We are sitting, hazards blinking, in Brown's BMW on a rural road in Virginia's Facquier County, a horsey enclave an hour west of Washington DC. The
object of our attention is Mount Weather, officially the Emergency Operations Centre of the Federal Emergency Management Authority (Fema); and, less
officially, a massive underground complex originally built to house governmental officials in the event of a full-scale nuclear exchange. Today, as
the Bush administration wages its war on terror, Mount Weather is believed to house a "shadow government" made up of senior Washington officials on
temporary assignment.
Following the collapse of the USSR, Mount Weather seemed like an expensive cold-war relic. Then came September 11. News reports noted that "top
leaders of Congress were taken to the safety of a secure government facility 75 miles west of Washington"; another reported "a traffic jam of limos
carrying Washington and government license plates." As the phrase "undisclosed location" entered the vernacular, Mount Weather, and a handful of
similar installations, flickered back to life. Just two months ago, a disaster-simulation exercise called Forward Challenge '06 sent thousands of
federal workers to Mount Weather and other sites.
Please visit the link provided for the complete story.
Some may remember the disaster-simulation exercise called "Forward Challenge'06" which sent thousands of federal workers to mount whether and
other sites. At the time many were asking why such an exercise was taking place, a question that has gone unanswered for the most part, this report
states that recently there has been an upgrade in security at all federal facilities including Mount Weather.

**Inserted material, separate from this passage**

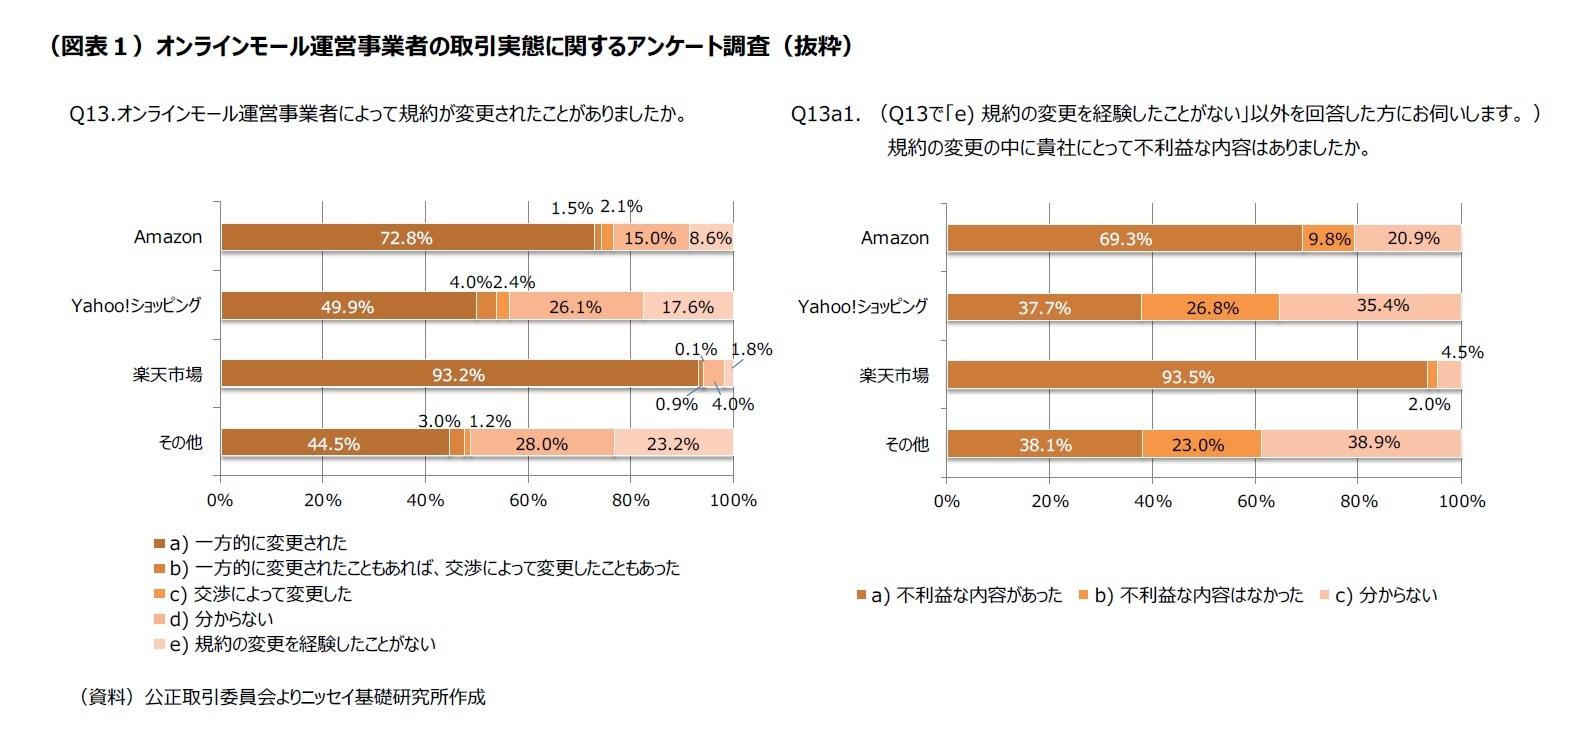 (図表1)オンラインモール運営事業者の取引実態 に関するアンケート調査(抜粋)
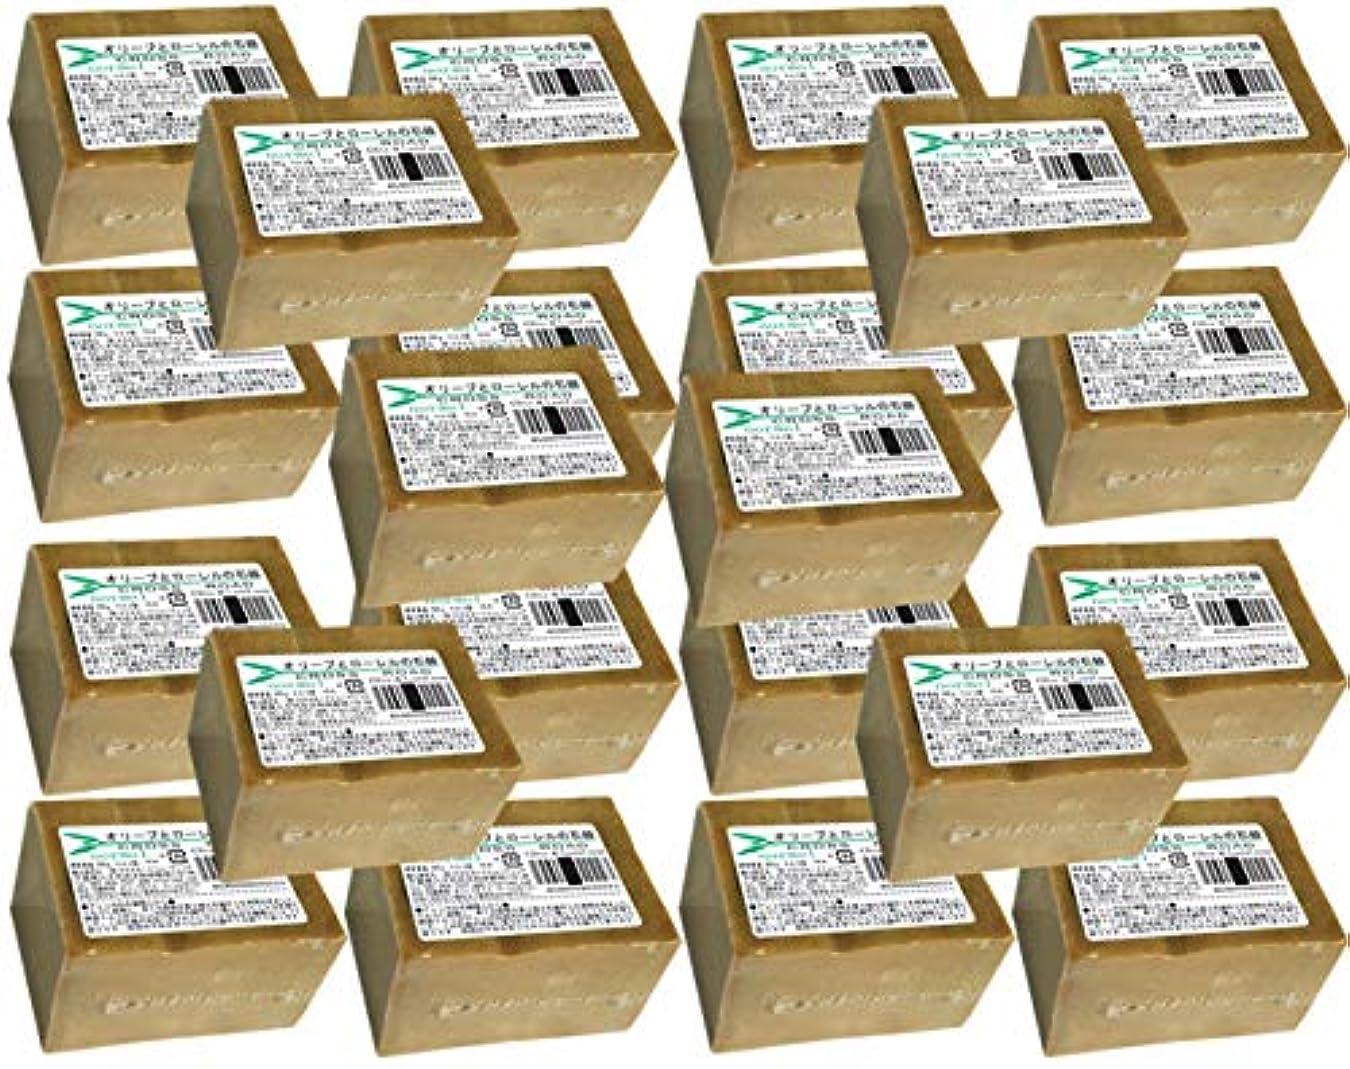 信じる本部お肉オリーブとローレルの石鹸(ノーマル)22個セット[並行輸入品]

The local people living around Mount Weather can tell you that since 9/11 things have been noticeably different around their quiet neighborhood, one
woman told the county's 911 line of claims that she had seen the mountain open up and air force one flew right inside and it closed back up, as the
woman exclaimed "I wouldn't have believed it if I hadn't seen it with my own eyes"
It would appear that our country's leaders are taking a nuclear attack more seriously than ever. should we be concerned?
Related News Links:
www.globalsecurity.org
[edit on 1-9-2006 by the_sentinal]
[edit on 1-9-2006 by the_sentinal]
[edit on 1-9-2006 by UM_Gazz]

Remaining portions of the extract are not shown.